IC packaging technologies with peripheral I/O pads have several short comings. The complexity of the system and the calculated Rent parameters suggest that ICs require asymptotically more pads than the die perimeter can provide [9] . Peripheral I/O pads also constrain clock/power distribution, and their inherently large parasitics cause coupling and power issues for off-chip signaling. Moreover I/O counts have increased from the low hundreds in the early '90's to a few thousands today. For some high end microprocessors the electrical performance and I/O densities can not be easily realized with wire bonding based solutions. Given these concerns, the area I/O regime (flip chip) is predicted to eventually dominate IC implementation methodology. It offers improved pad count and reliability, reduced noise coupling, and cost savings as the technology matures.
Flip chip packaging technology utilizes very small solder spheres, known as solder bumps. These bumps are part of the silicon chip. The silicon chip with bumps is mounted on the package substrate, similar in operation to a surface mount board assembly process. Flip chip technology provides 5-10 times more I/Os than the traditional method of restricting the I/Os to the periphery [1] [7] . Moreover, flip chip interconnect offers lower I/O inductance, better power / ground distribution, and flexibility to connect directly from the package to anywhere on the die. To develop a successful SoC design with flip chip packaging technology, the package must be part of the design cycle from the very beginning.
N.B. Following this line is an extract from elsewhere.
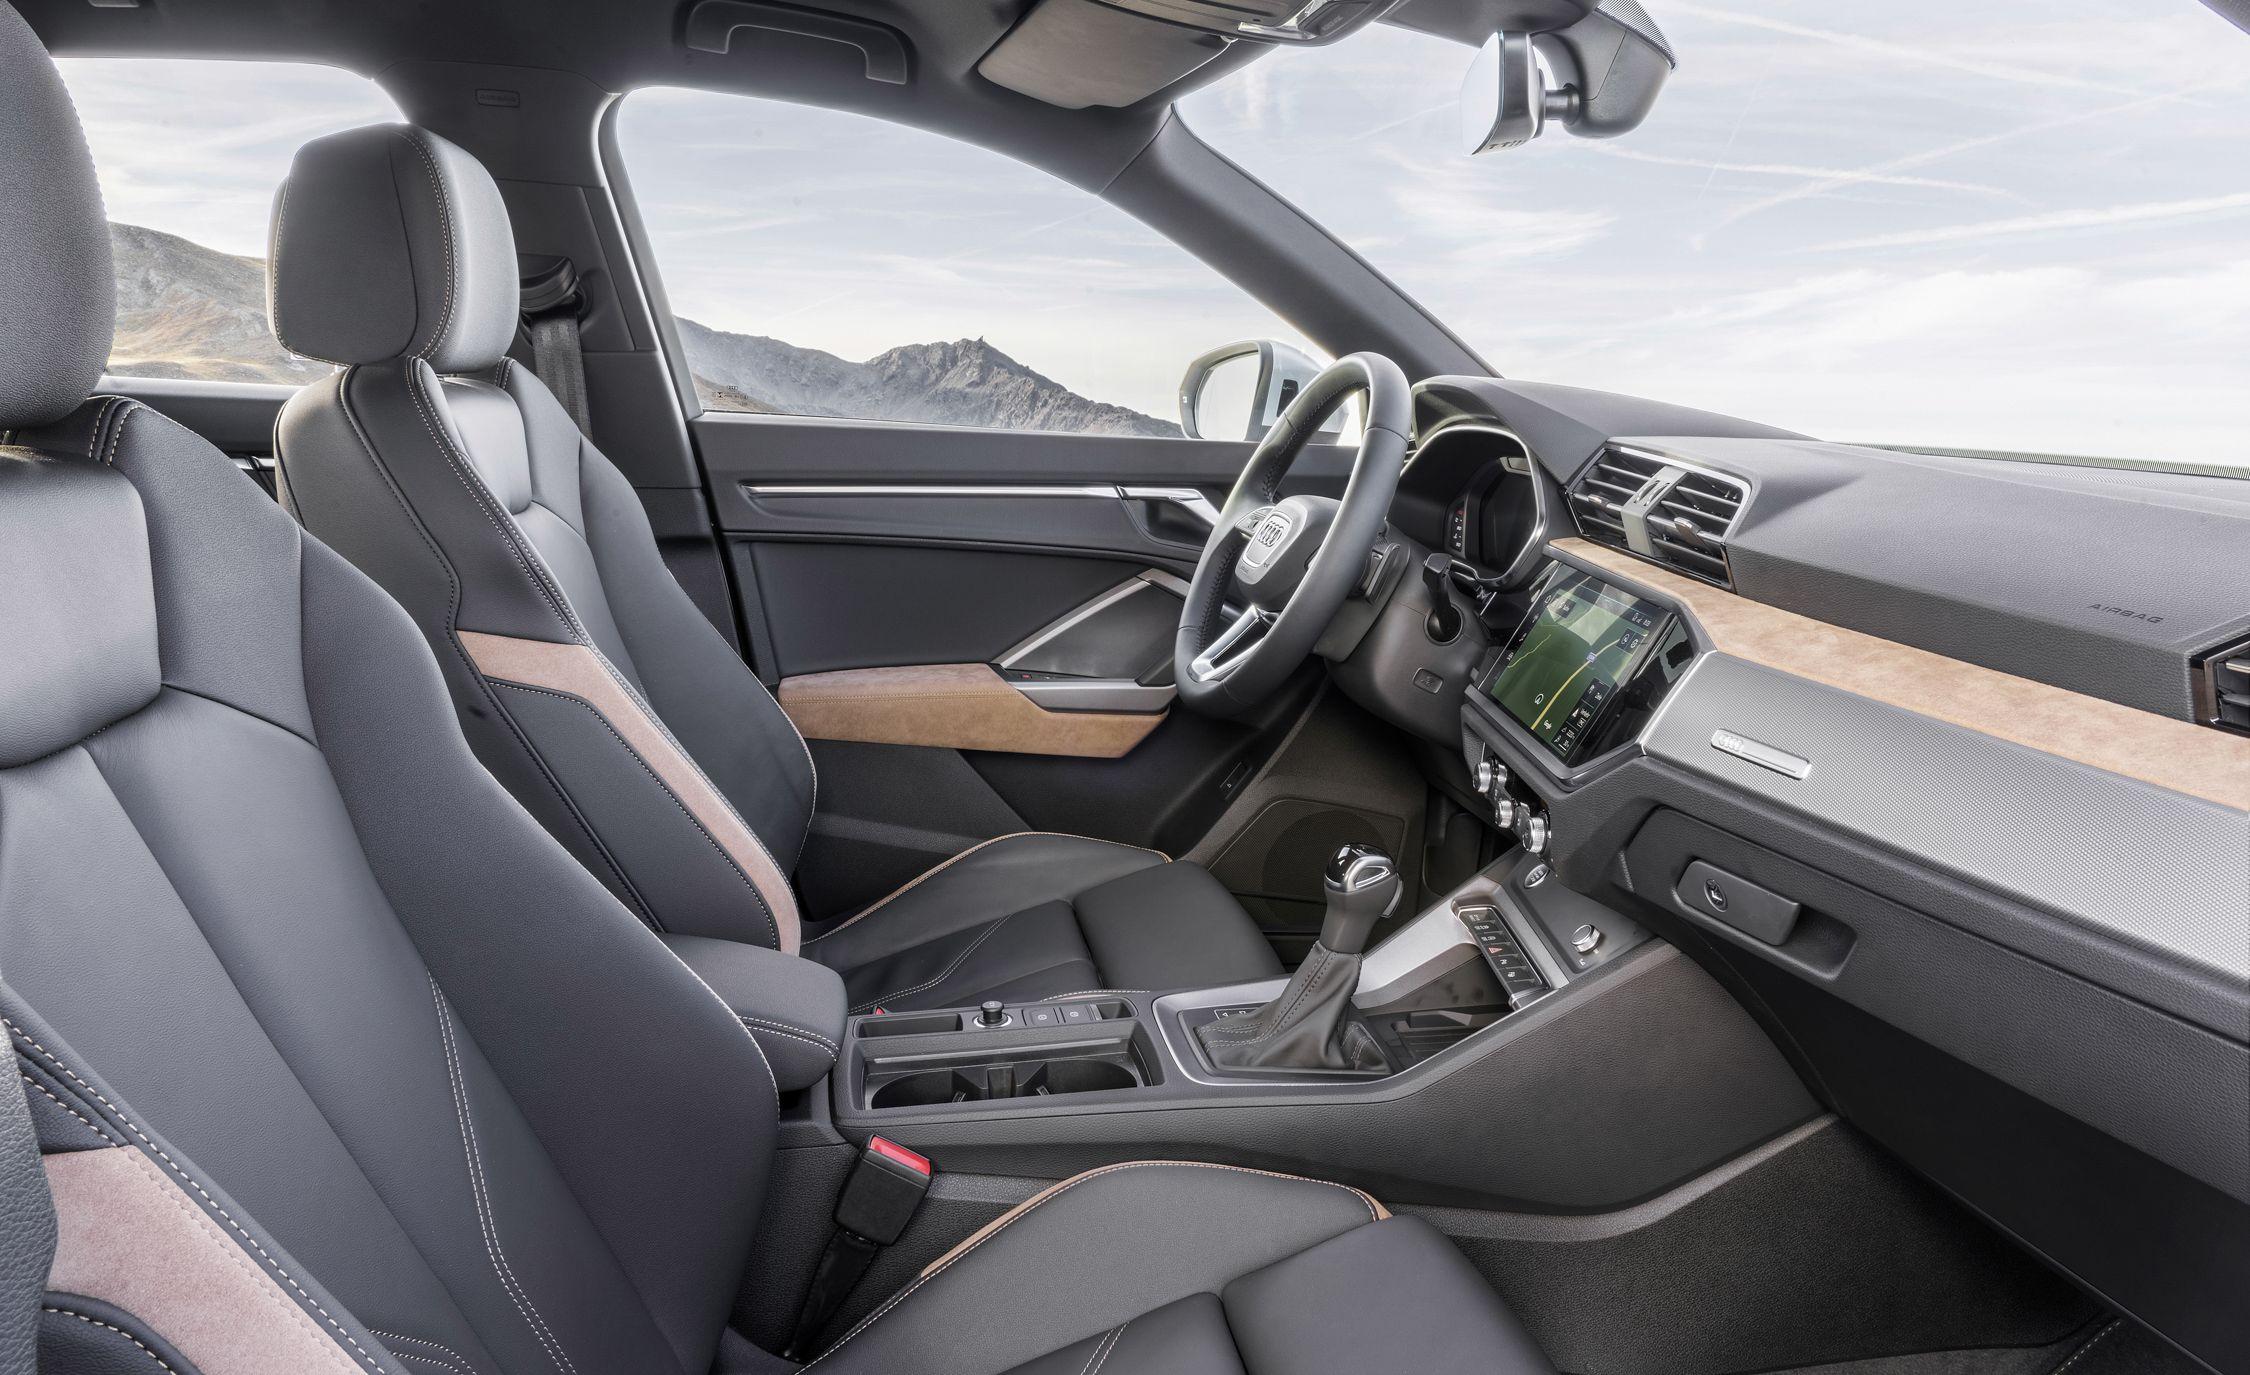 Audi Q Review The Audi Car - Audi q3 review

Unfortunately, existing CAD algorithms are for peripheral packaging technologies [2] . In addition, most of them separate the package design from the design cycle and treat the packaging technology as a 'plug and play' component for the silicon chip design.
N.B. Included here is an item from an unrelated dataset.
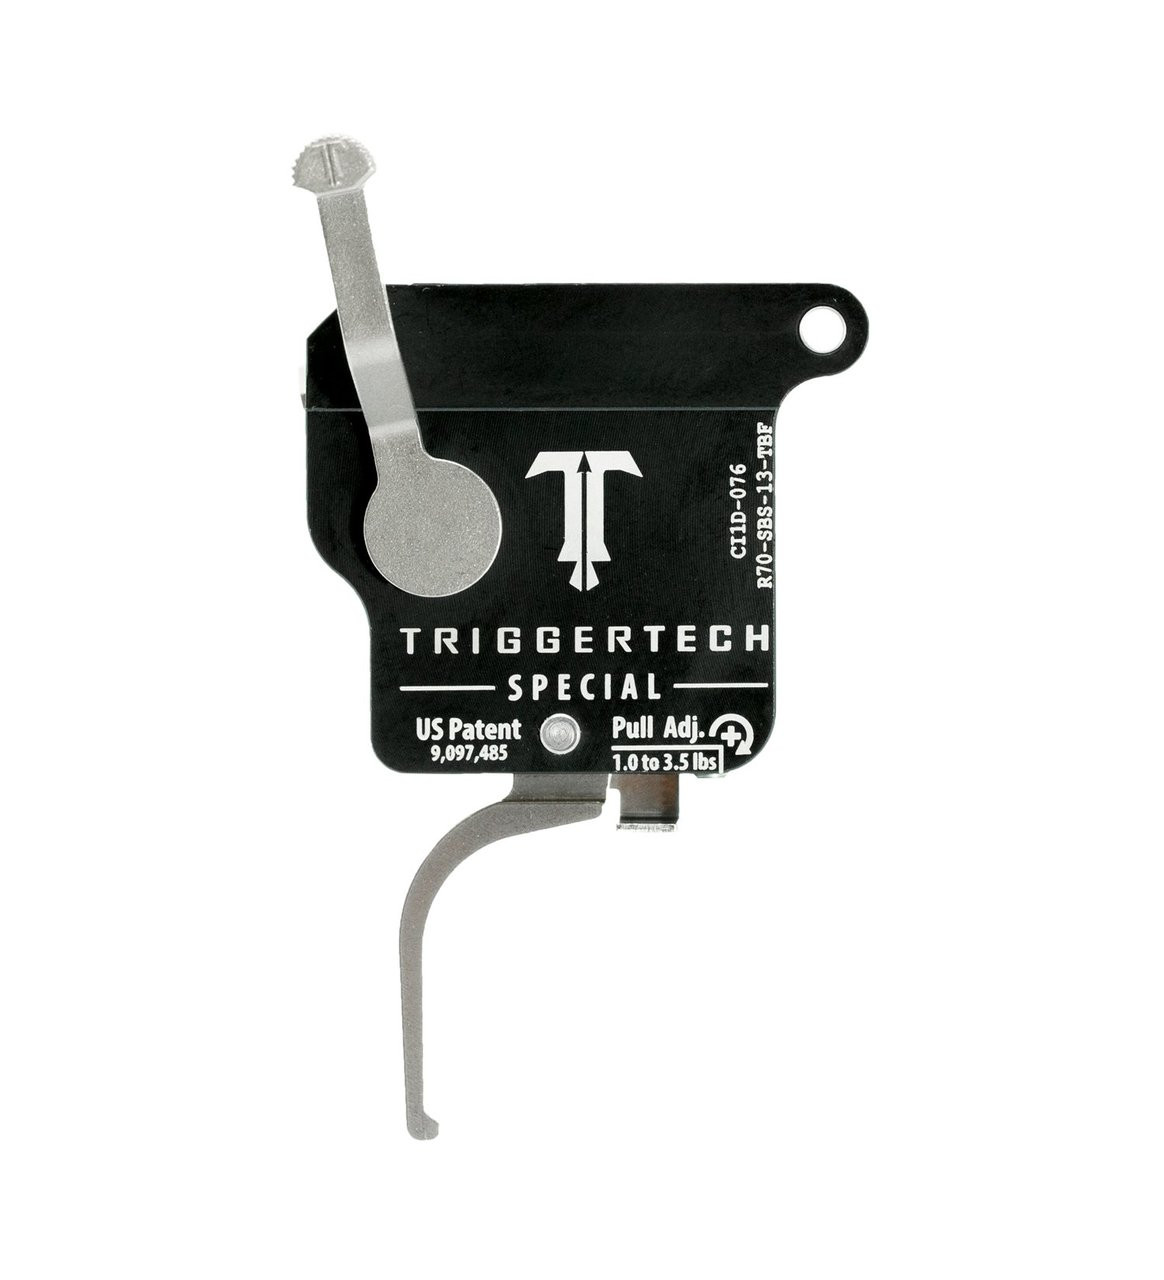 TriggerTech Remington 700 Special Trigger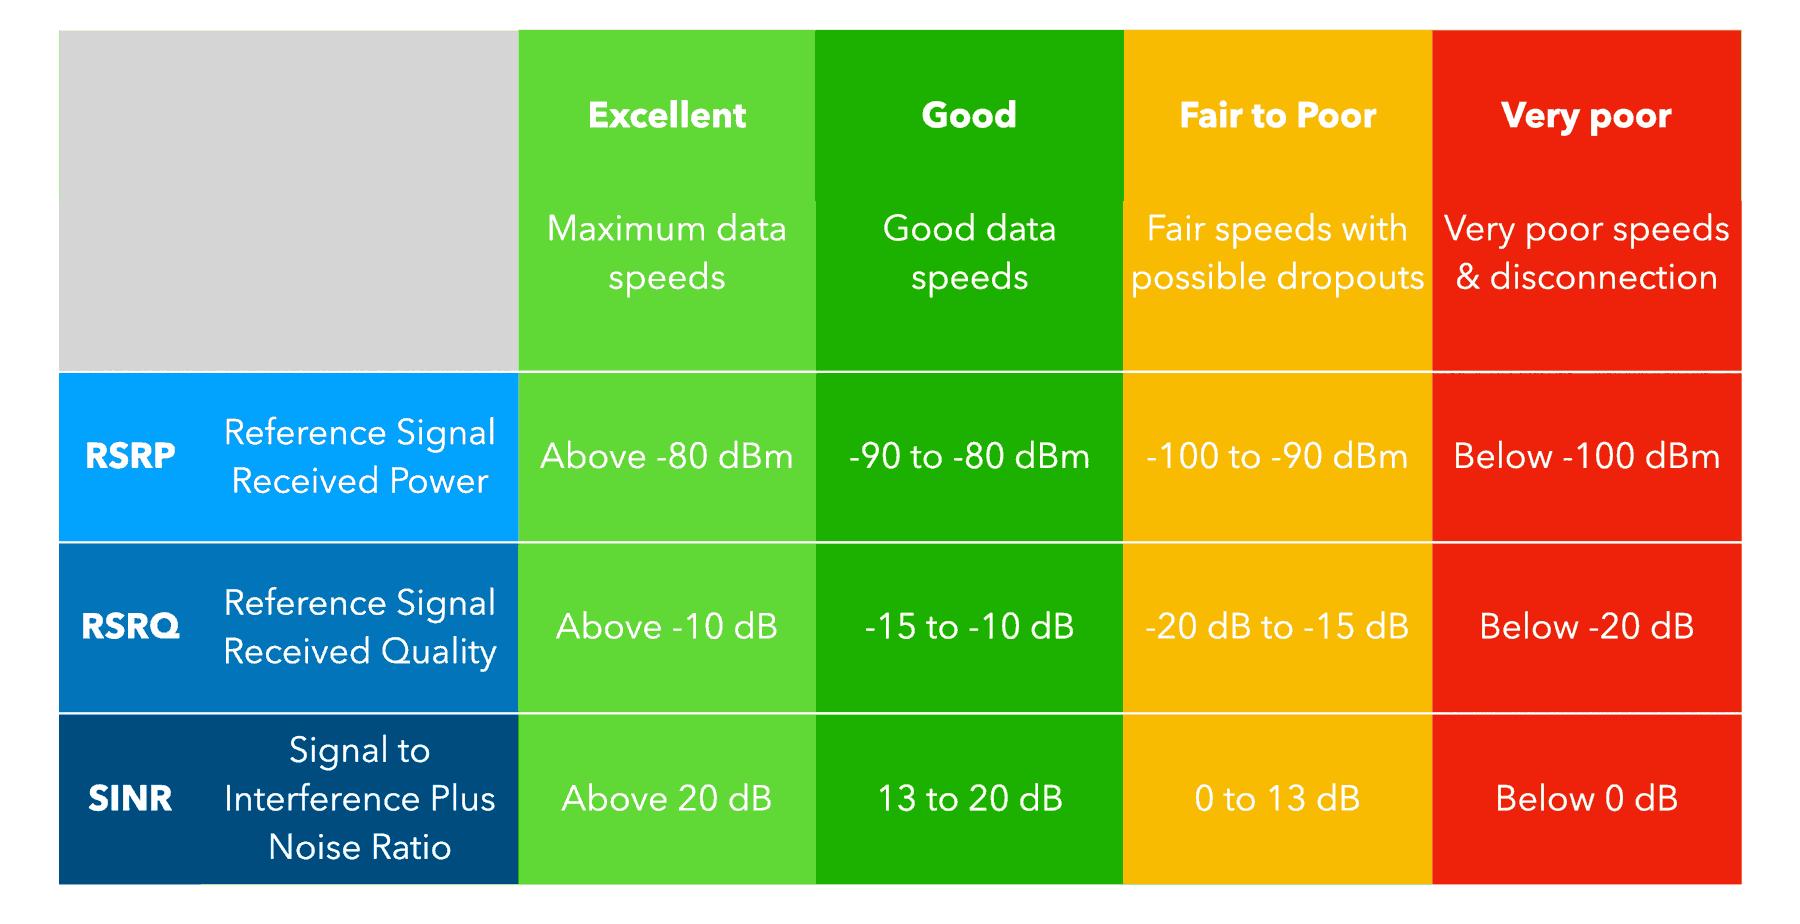 4G performance

The Cascade Design Automation recently reported a version of the CAD tool for designing area-array ICs [3] . This tool consists of an area-pad power analyzer, an area pad floor planner and an area pad router. The paper presented by Kiamilev et. al. [4] demonstrated three methods of designing an intrinsic area array IC. The problem with their approach is that the placement and routing of the area pads must be done manually and it has low packing density. The paper by Tan et. al [1] discusses about an area array pad router that automates the placement and routing of the area-array pads on the IC. The problem with this approach is that this is a post processing tool that can be used after initial IC layout generation. It does not take into consideration the packaging and off chip pad placement constraints as well as the "illegal regions "in the IC. The paper by Caldwell et. al [8] deals with an empirical study on the impact of area array I/O on placement. The results show that the use of area array I/O leads to shorter wire lengths and better placement when compared to peripheral I/O placement.
In this paper, we propose a clustering based area I/O pad planning algorithm for flip chip packaging technology. Based on our algorithm we have developed a prototype tool called APT (Area I/O Planning Tool). Our algorithm has two phases: clustering and planning. In the clustering phase, we set the initial cluster area as the pad pitch area (area enclosed by four I/O pads on the die) so that after the clustering procedure, the resulting clusters will have predefined area with bumps surrounding them. In the planning phase, we plan the core logic and the I/O clusters simultaneously so that interconnects both off chip and on chip are minimized, considering predefined area I/O pads in the illegal regions (pre-assigned to power and ground lines).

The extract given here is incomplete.